I Am a Strange Loop - Douglas R. Hofstadter [197]
Ultimately, the “I” is a hallucination, and yet, paradoxically, it is the most precious thing we own. As Dan Dennett points out in Consciousness Explained, an “I” is a little like a bill of paper money — it feels as if it is worth a great deal, but ultimately, it is just a social convention, a kind of illusion that we all tacitly agree on without ever having been asked, and which, despite being illusory, supports our entire economy. And yet the bill is just a piece of paper with no intrinsic worth at all.
Trains Who Roll
In Chapters 15 through 18, I argued that each of us is spread out and that, despite our usual intuitions, each of us is housed at least partially in different brains that may be scattered far and wide across this planet. This viewpoint amounts to the idea that one can be in two places at once, despite our initial knee-jerk rejection of such a crazy-sounding thought. If being in two or more places at once seems to make no sense, think about reversing the roles of space and time. That is, consider that you have no trouble imagining that you will exist tomorrow and also the next day. Which one of those future people will really be you? How can two different you’s exist, both claiming your name? “Ah,” you reply, “but I will shortly be getting there, like a train pulling through different stations.” But that just begs the question. Why is it the same train, if in the meantime it has dropped some passengers off and picked others up, perhaps changed a car or two, maybe even its locomotive? It is simply called “Train 641”, and that’s why it is “the same train”. It’s a linguistic convention, and a very good one, too. It is a very natural convention in the classical world in which we exist.

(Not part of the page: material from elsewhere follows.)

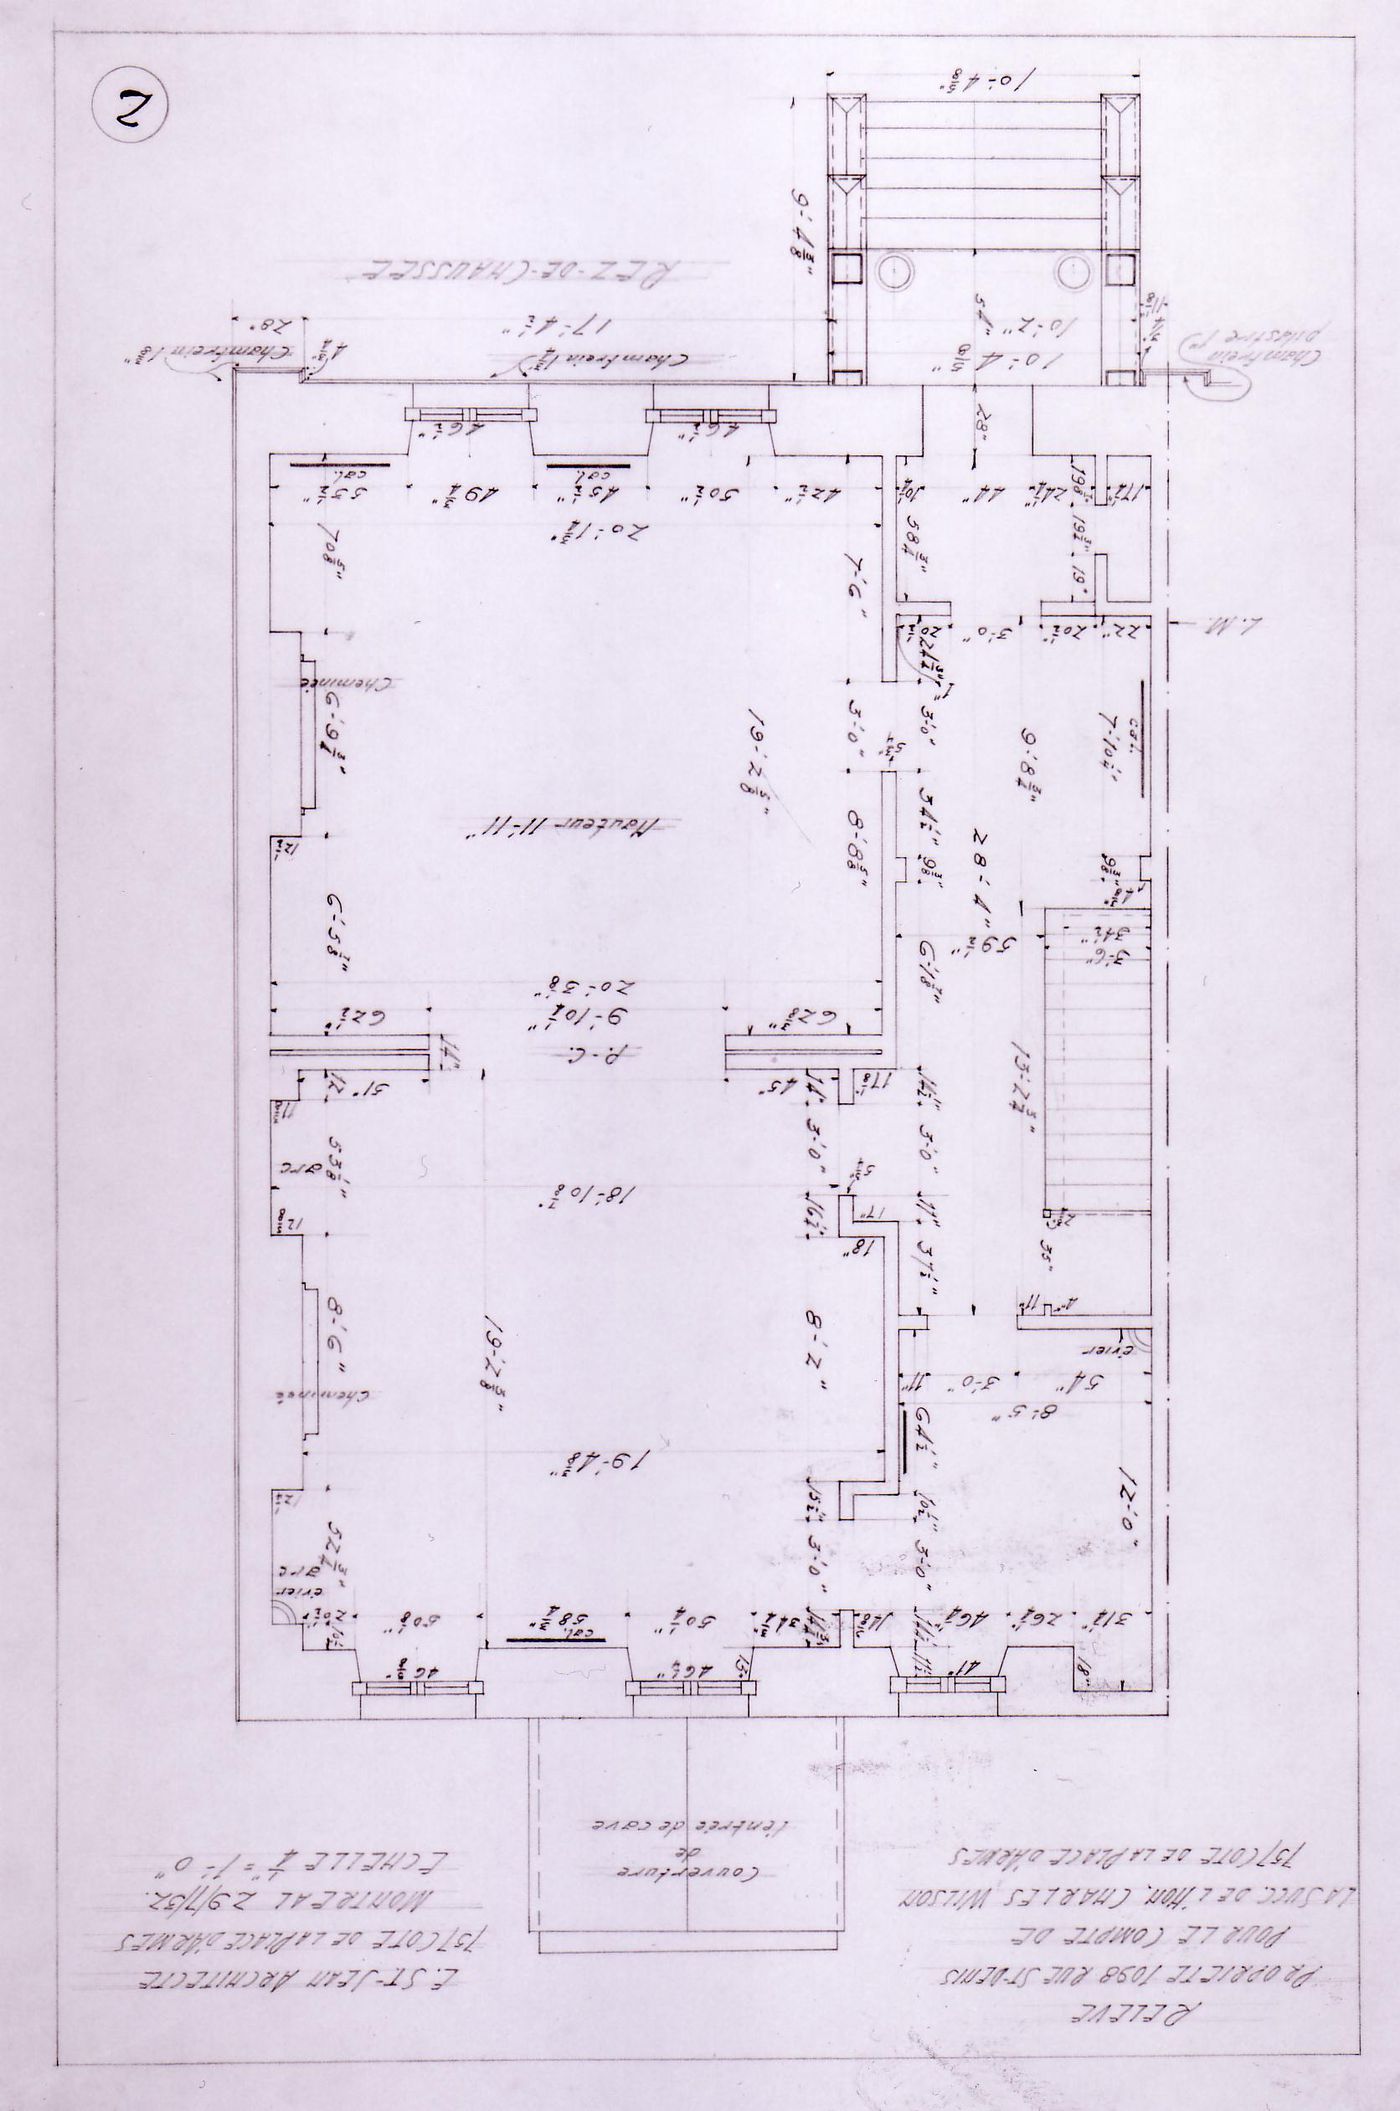 Ground floor plan of the Charles Wilson residence, 1098 rue Saint-Denis, Montréal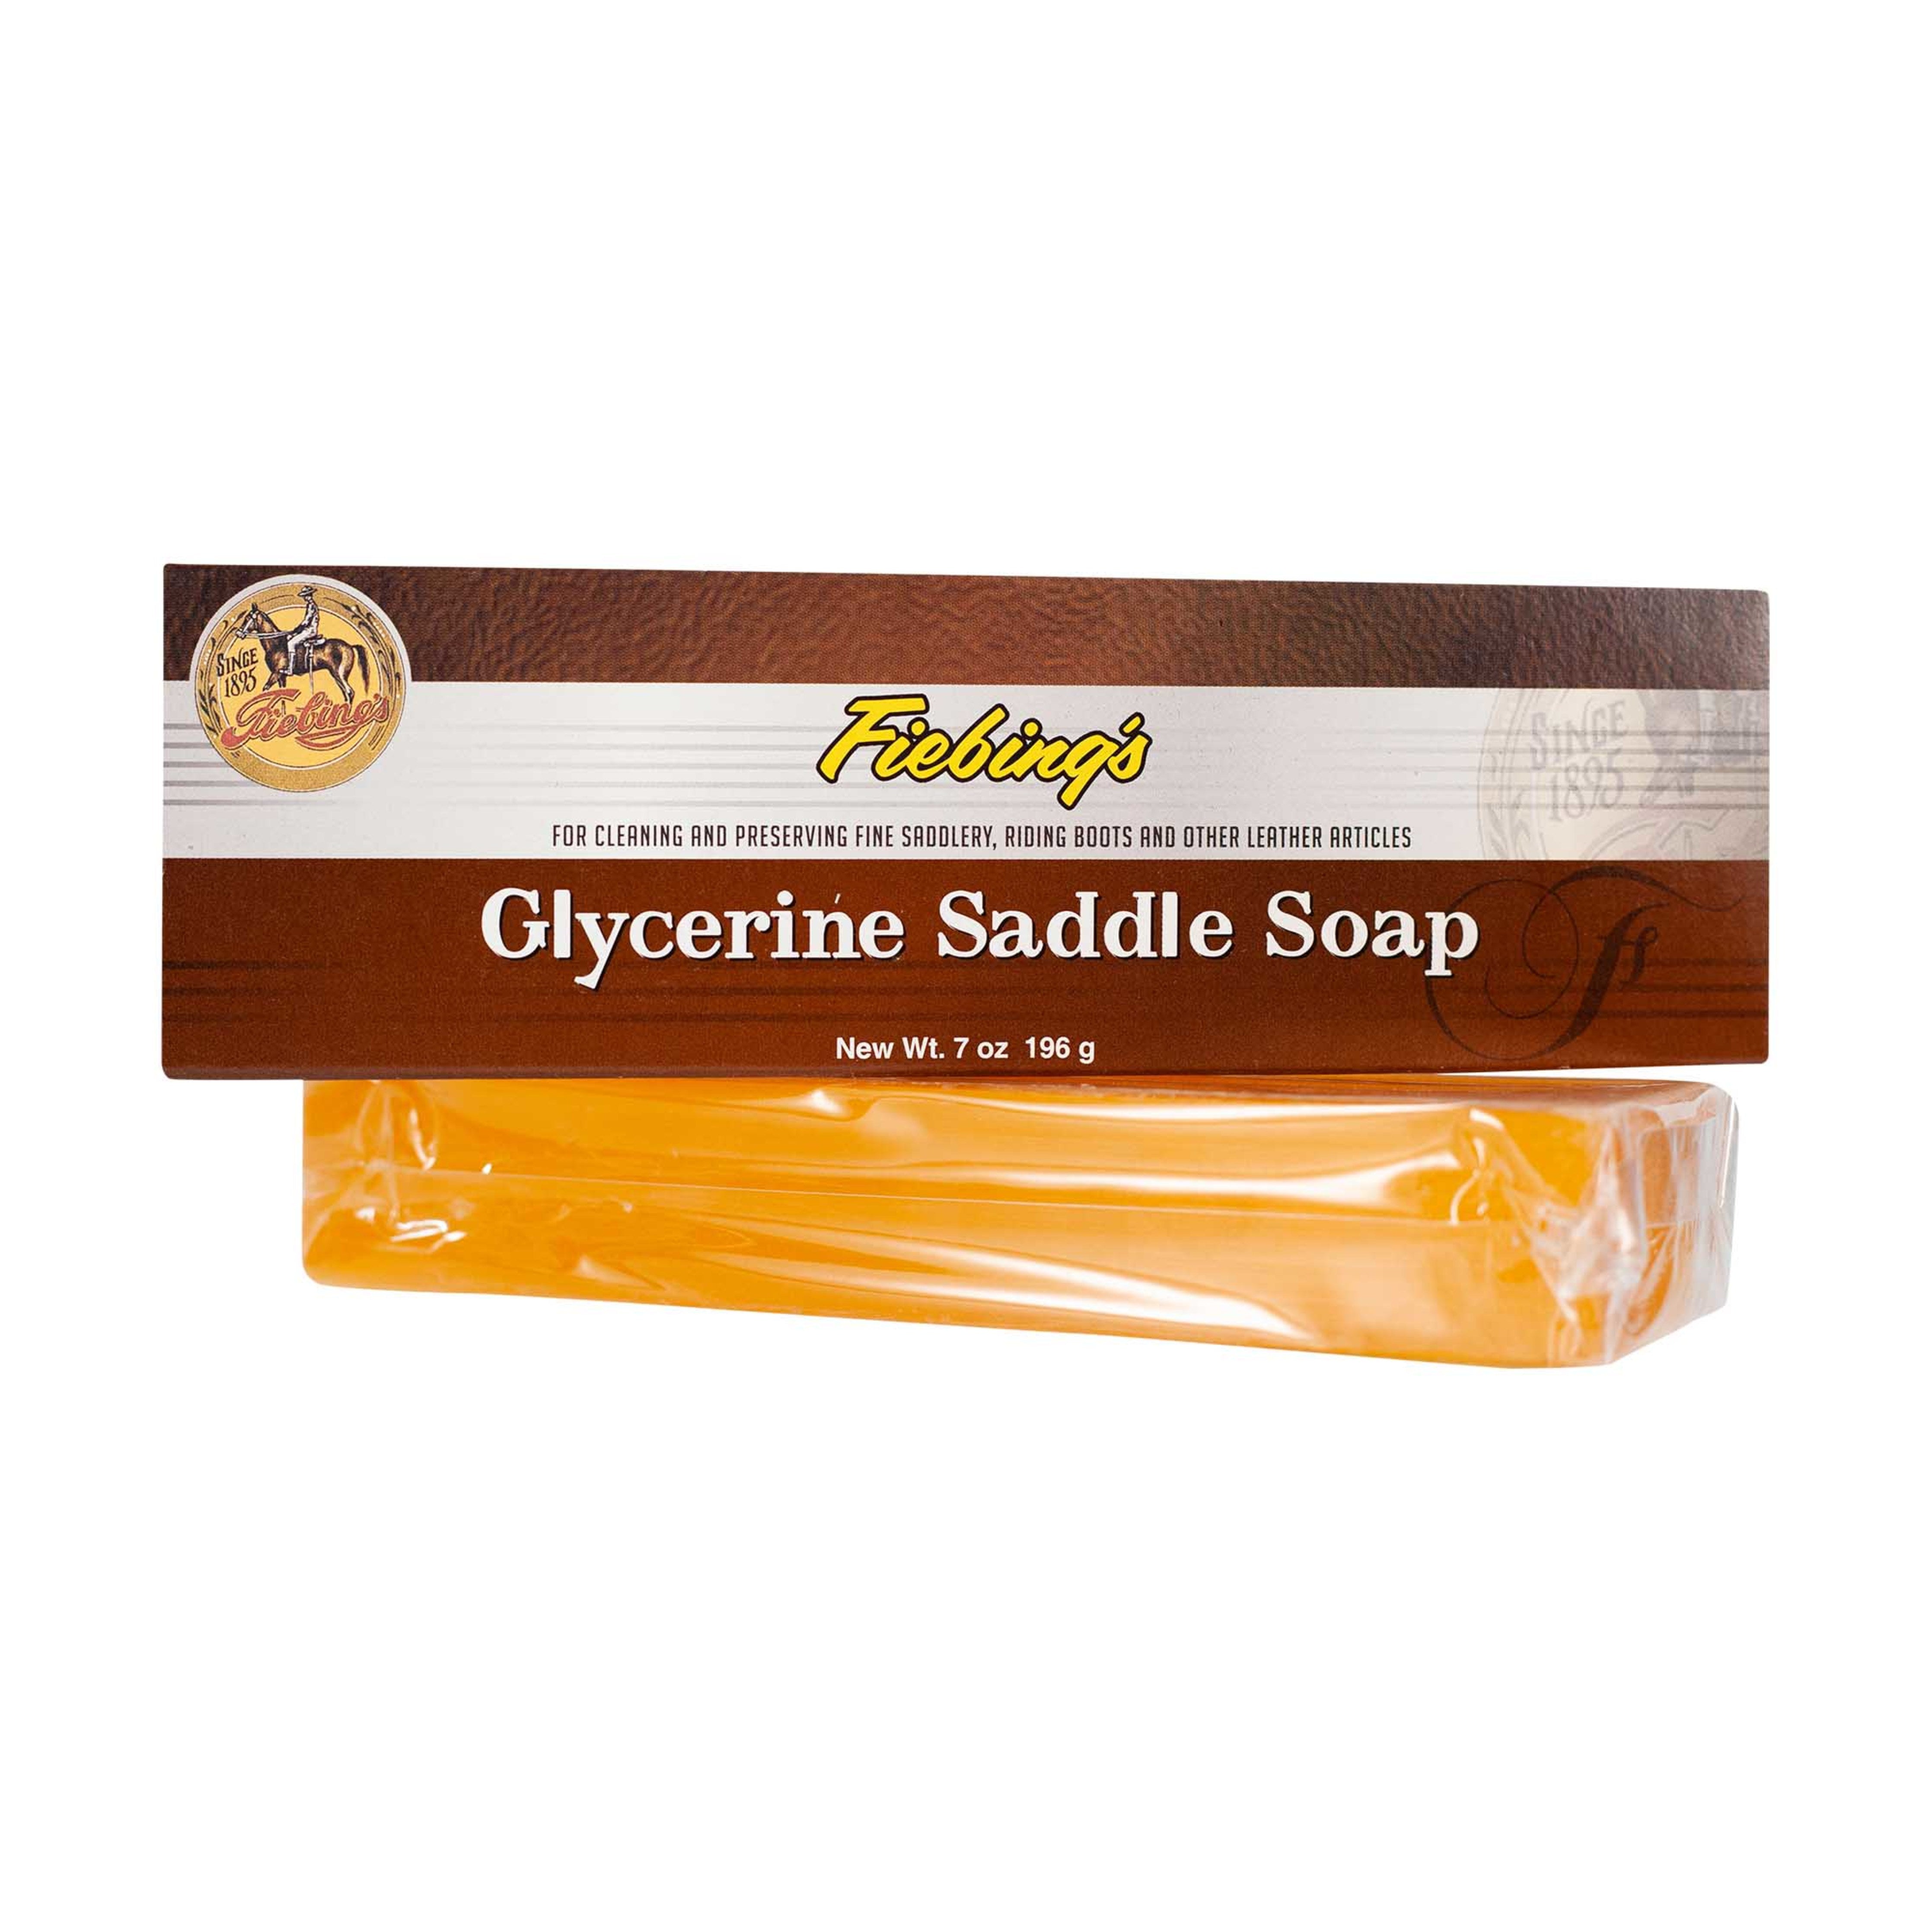 Fiebings Glycerine Saddle Soap Bar 7 oz

If Train 641, heading east from Milano, always were to split up in Verona into two pieces, one that headed north to Bolzano and one that continued eastwards to Venice, then we would probably not call either half “Train 641” any longer, but would give them separate numbers. But we could also call them “Train 641a” and “Train 641b”, or even just leave them both as “Train 641”. It might happen, after all, that upon reaching Bolzano, the northern half always veers suddenly eastwards, and likewise that upon reaching Venice, the eastern half always veers suddenly northwards, and the two halves always rejoin and fuse together in Belluno, on their way — or rather, on its way — to Udine!
You may object that trains have no inner perspective on the matter — that “641” is just a third-person label rather than a first-person point of view. All I can say is, this is a very tempting viewpoint, but it is to be resisted. Trains who roll and trains that roll are the same thing, at least if they have sufficiently rich representational systems that allow them to wrap around and self-represent.